» Problem to solve
For this exercise, return all the data word for word, with images left out.

» Supplied data
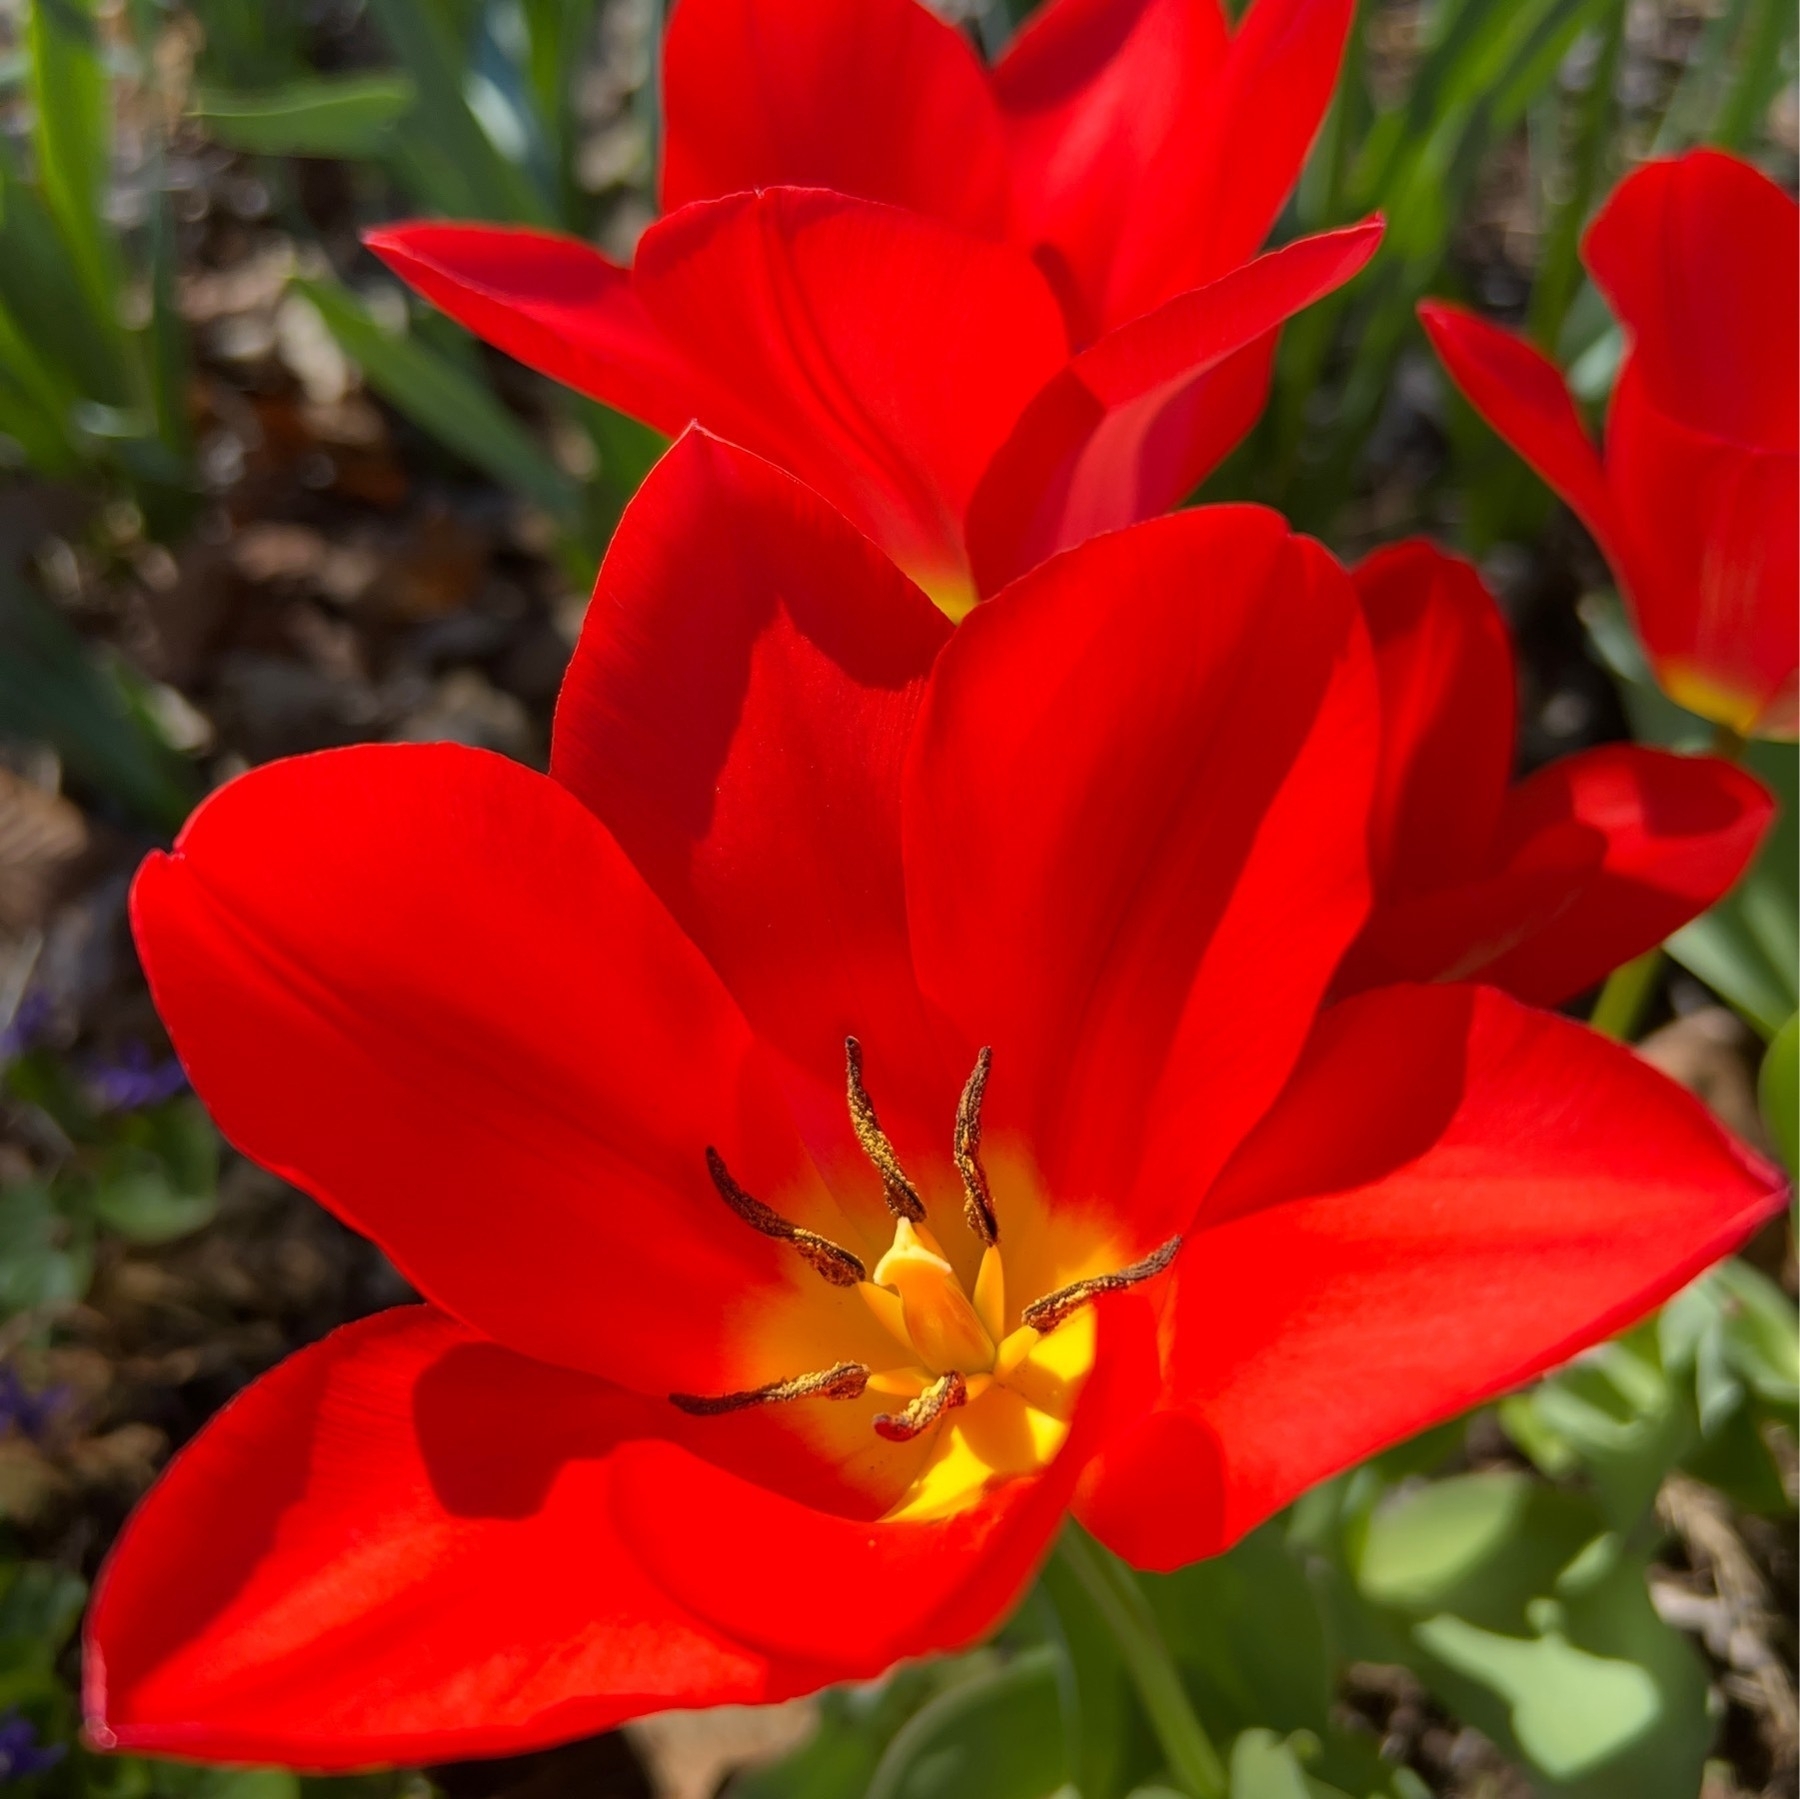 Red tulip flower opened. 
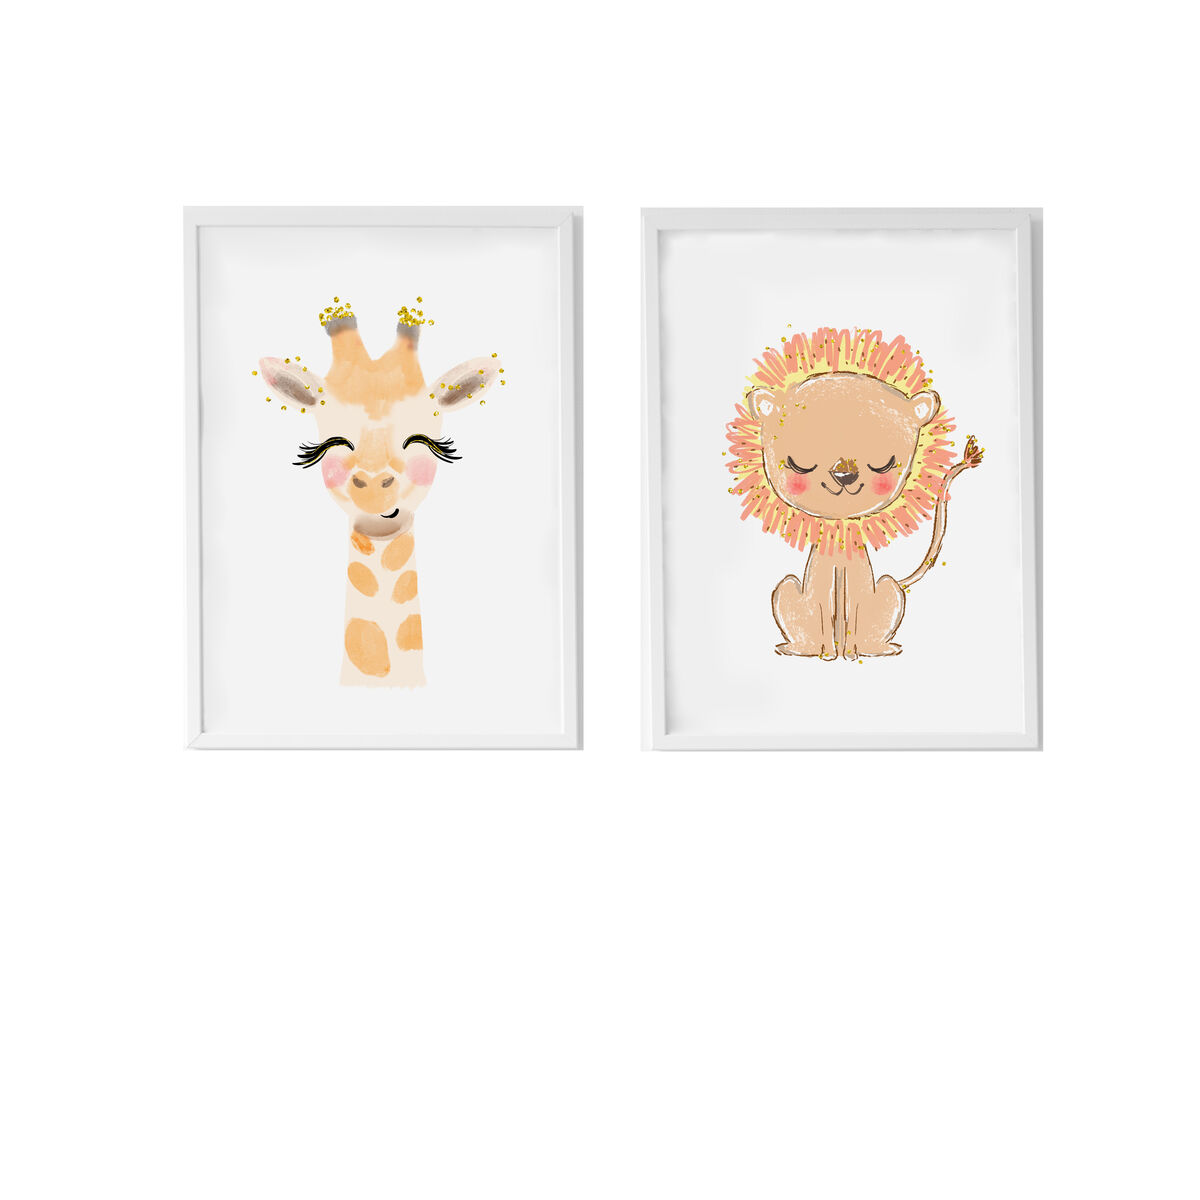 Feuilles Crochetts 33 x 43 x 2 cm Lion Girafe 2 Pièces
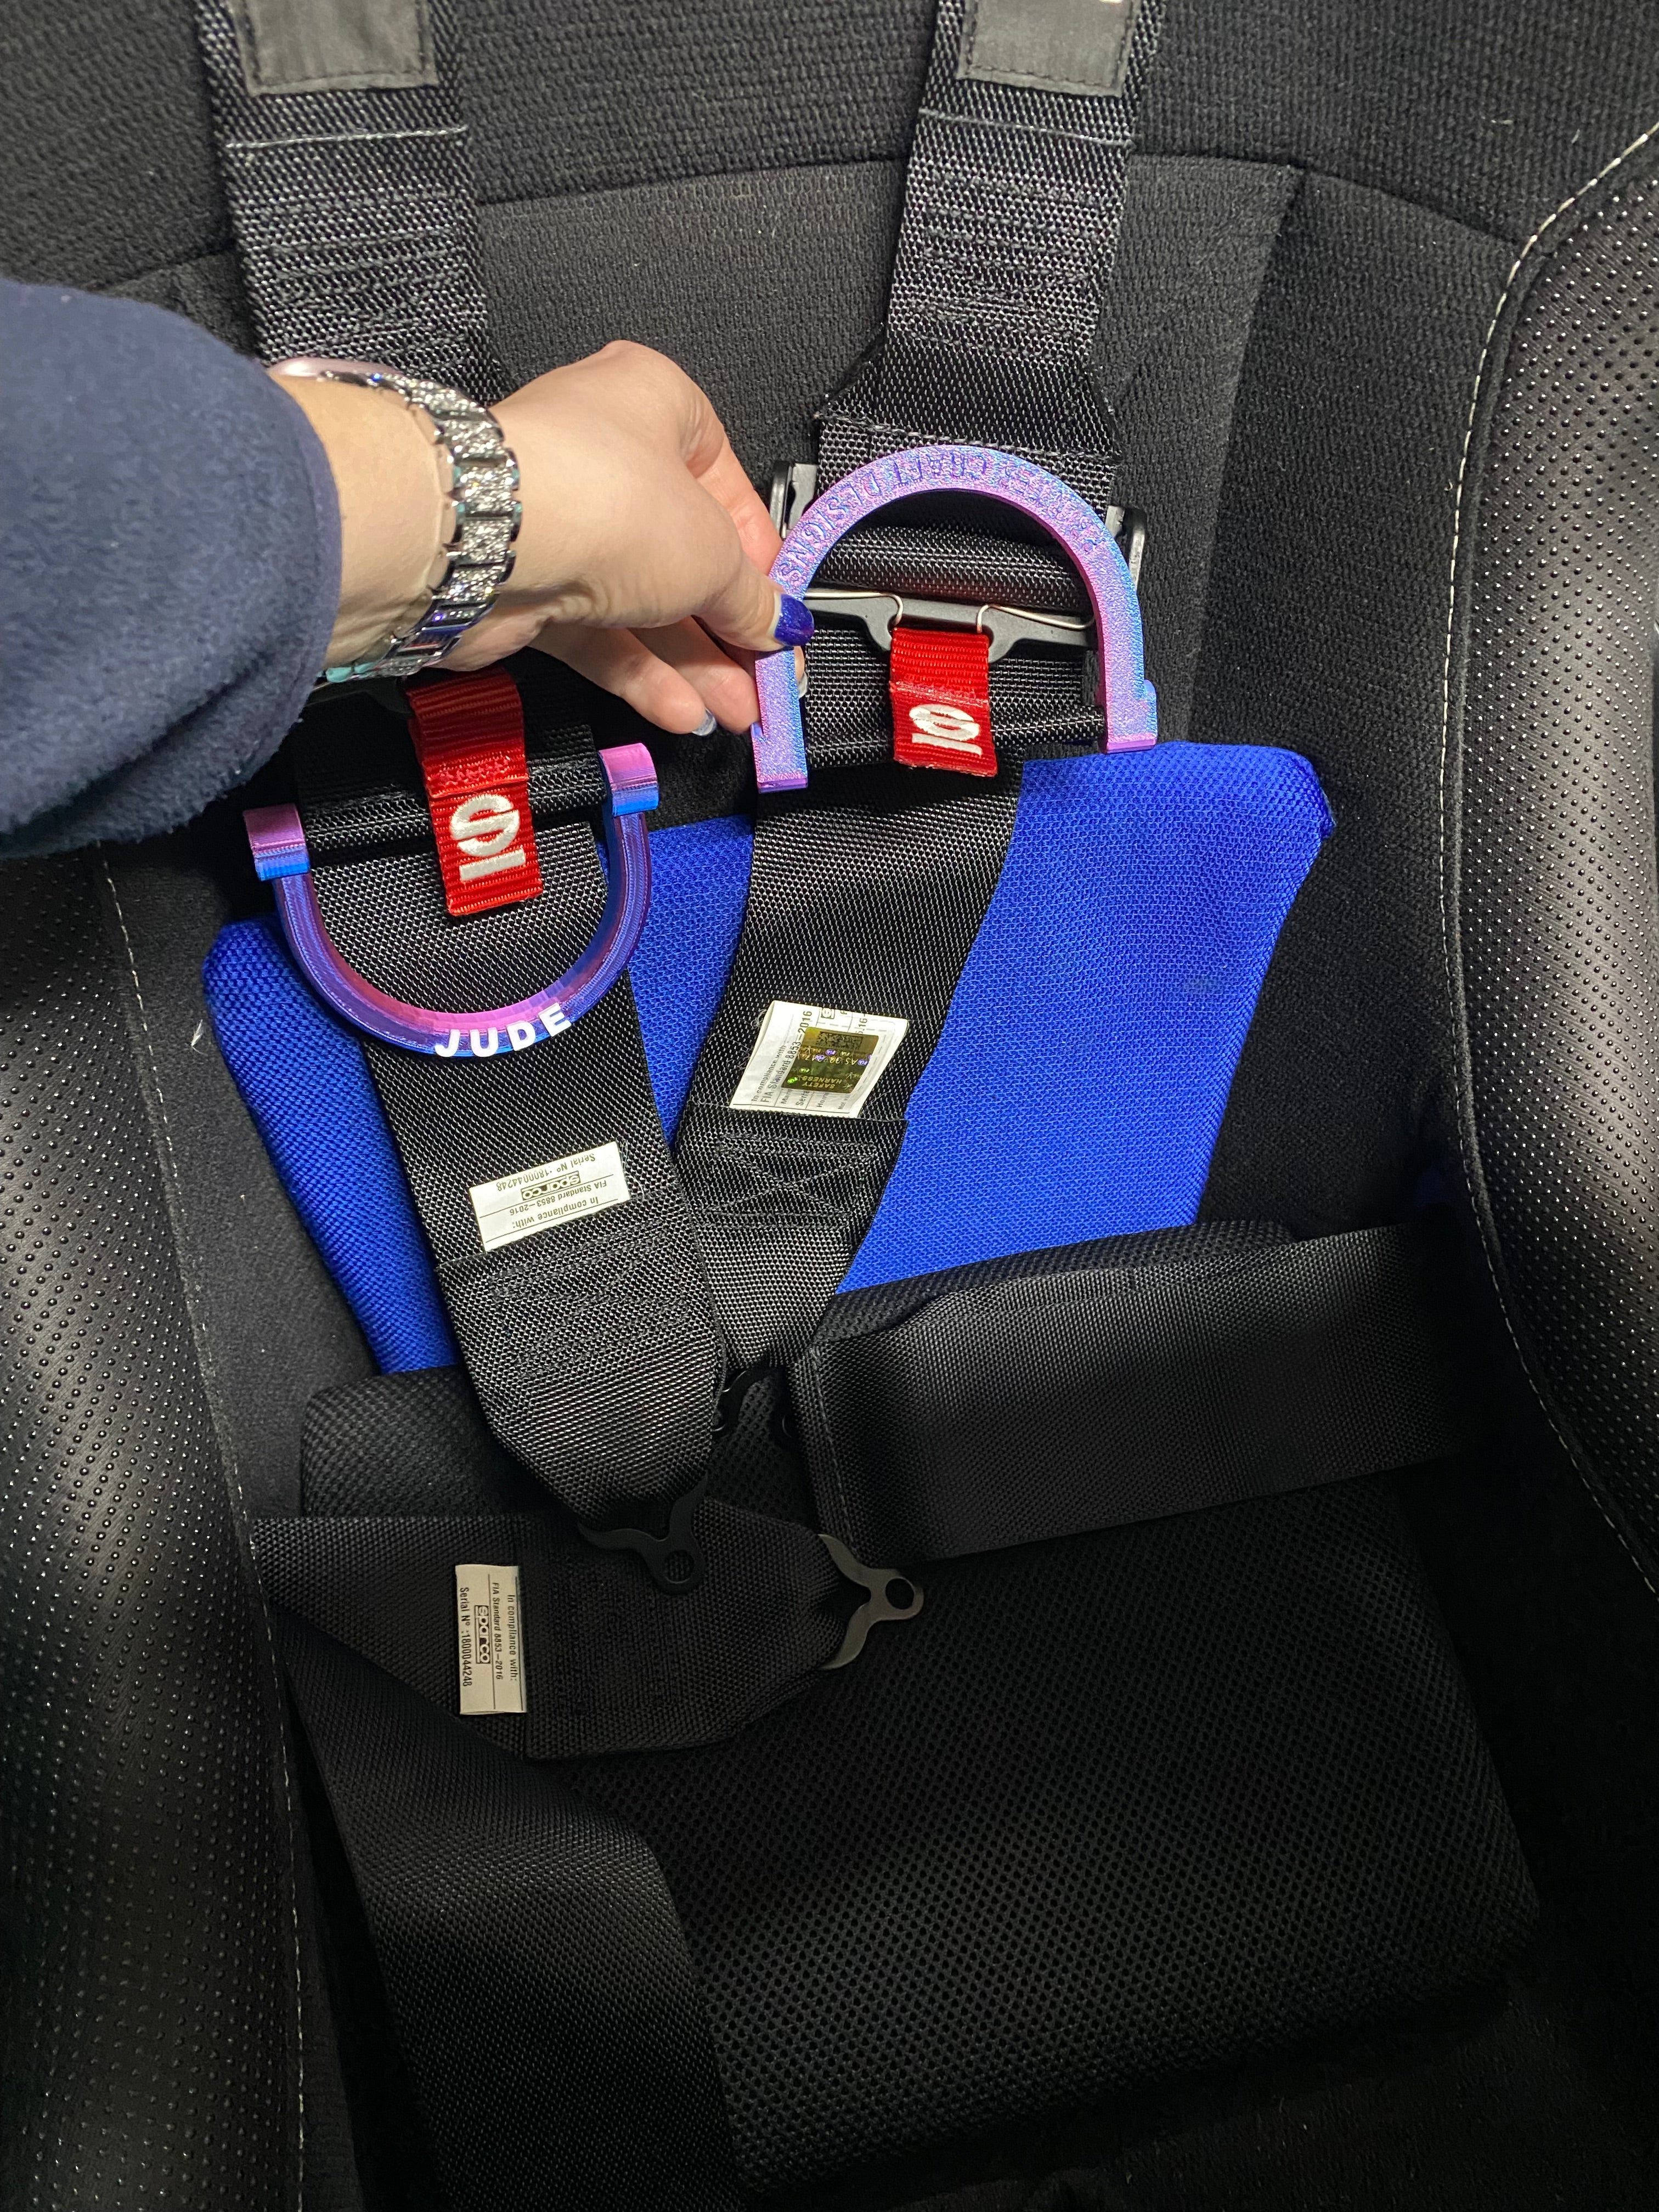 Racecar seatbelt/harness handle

» Exercise answer
 Red tulip flower opened. 
 Feuilles Crochetts 33 x 43 x 2 cm Lion Girafe 2 Pièces
 Racecar seatbelt/harness handle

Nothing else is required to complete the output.